▶ Excerpted data
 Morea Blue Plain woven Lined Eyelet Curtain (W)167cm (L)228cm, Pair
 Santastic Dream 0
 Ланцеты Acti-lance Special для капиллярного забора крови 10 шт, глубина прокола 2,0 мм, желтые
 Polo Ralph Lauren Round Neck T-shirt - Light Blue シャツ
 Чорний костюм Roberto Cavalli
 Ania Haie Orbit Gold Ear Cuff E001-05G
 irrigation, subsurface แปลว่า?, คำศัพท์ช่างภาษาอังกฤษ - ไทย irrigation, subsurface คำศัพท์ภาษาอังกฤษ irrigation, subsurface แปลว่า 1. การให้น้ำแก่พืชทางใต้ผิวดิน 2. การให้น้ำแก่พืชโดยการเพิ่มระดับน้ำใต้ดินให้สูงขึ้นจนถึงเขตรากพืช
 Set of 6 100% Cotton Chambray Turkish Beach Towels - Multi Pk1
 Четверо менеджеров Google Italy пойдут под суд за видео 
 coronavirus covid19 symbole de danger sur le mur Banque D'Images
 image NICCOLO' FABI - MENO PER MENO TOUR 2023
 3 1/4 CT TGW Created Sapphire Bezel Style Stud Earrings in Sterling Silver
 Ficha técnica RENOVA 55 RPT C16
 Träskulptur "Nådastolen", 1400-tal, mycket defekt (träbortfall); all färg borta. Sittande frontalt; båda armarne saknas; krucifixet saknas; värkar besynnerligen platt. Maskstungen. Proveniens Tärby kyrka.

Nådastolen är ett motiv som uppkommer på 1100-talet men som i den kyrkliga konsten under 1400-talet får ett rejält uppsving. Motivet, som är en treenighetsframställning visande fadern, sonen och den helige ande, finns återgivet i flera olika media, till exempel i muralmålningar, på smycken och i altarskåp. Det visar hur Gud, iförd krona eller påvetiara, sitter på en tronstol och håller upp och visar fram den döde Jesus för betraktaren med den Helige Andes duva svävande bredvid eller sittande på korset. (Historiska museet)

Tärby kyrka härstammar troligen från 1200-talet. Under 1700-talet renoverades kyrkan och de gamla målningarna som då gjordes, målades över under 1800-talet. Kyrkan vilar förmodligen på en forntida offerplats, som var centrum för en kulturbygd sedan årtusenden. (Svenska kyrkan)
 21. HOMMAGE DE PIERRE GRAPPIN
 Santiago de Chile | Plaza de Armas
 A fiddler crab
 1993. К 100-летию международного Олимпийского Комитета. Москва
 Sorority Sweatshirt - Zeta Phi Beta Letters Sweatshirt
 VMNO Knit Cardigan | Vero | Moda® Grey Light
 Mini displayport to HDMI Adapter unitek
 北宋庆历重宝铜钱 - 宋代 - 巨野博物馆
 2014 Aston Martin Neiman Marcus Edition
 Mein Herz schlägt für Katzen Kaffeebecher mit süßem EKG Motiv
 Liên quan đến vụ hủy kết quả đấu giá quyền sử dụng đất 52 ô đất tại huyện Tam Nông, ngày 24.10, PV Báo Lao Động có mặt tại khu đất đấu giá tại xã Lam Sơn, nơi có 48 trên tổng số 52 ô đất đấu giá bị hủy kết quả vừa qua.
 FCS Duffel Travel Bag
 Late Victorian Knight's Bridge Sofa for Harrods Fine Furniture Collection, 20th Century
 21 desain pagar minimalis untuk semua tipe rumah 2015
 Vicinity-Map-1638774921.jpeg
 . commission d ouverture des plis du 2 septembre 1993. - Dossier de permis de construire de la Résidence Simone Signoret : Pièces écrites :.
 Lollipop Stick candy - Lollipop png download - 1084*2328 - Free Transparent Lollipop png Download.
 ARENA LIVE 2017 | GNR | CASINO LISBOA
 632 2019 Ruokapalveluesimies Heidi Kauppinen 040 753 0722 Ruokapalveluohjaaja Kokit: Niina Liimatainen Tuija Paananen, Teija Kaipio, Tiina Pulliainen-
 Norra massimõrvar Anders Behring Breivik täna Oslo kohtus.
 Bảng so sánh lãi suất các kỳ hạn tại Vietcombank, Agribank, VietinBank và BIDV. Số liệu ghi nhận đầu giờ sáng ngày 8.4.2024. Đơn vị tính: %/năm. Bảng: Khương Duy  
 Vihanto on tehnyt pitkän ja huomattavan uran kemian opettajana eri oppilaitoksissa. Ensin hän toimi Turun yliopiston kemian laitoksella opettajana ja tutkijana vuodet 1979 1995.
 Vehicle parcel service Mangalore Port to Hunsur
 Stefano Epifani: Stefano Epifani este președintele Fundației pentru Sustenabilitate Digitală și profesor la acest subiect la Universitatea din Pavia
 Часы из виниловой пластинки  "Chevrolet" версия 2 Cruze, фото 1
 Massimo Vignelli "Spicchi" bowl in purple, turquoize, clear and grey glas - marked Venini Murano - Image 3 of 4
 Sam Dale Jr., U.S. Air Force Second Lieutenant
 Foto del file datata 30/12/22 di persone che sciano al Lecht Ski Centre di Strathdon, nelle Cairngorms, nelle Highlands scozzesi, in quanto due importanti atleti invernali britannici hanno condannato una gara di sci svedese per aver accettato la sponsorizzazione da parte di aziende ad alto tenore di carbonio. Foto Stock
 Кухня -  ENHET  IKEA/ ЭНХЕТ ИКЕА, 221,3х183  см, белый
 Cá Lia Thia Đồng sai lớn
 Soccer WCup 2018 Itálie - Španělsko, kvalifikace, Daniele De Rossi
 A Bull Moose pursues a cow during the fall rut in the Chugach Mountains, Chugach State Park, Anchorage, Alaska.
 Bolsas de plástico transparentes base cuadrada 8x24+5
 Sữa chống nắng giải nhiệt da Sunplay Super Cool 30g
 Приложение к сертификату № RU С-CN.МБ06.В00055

▶ Goal of the exercise
For this exercise, output exactly the lines above from the line with "Santastic Dream 0" to the line with "coronavirus covid19 symbole", counting both, and leave out the rest.

▶ Final answer
 Santastic Dream 0
 Ланцеты Acti-lance Special для капиллярного забора крови 10 шт, глубина прокола 2,0 мм, желтые
 Polo Ralph Lauren Round Neck T-shirt - Light Blue シャツ
 Чорний костюм Roberto Cavalli
 Ania Haie Orbit Gold Ear Cuff E001-05G
 irrigation, subsurface แปลว่า?, คำศัพท์ช่างภาษาอังกฤษ - ไทย irrigation, subsurface คำศัพท์ภาษาอังกฤษ irrigation, subsurface แปลว่า 1. การให้น้ำแก่พืชทางใต้ผิวดิน 2. การให้น้ำแก่พืชโดยการเพิ่มระดับน้ำใต้ดินให้สูงขึ้นจนถึงเขตรากพืช
 Set of 6 100% Cotton Chambray Turkish Beach Towels - Multi Pk1
 Четверо менеджеров Google Italy пойдут под суд за видео 
 coronavirus covid19 symbole de danger sur le mur Banque D'Images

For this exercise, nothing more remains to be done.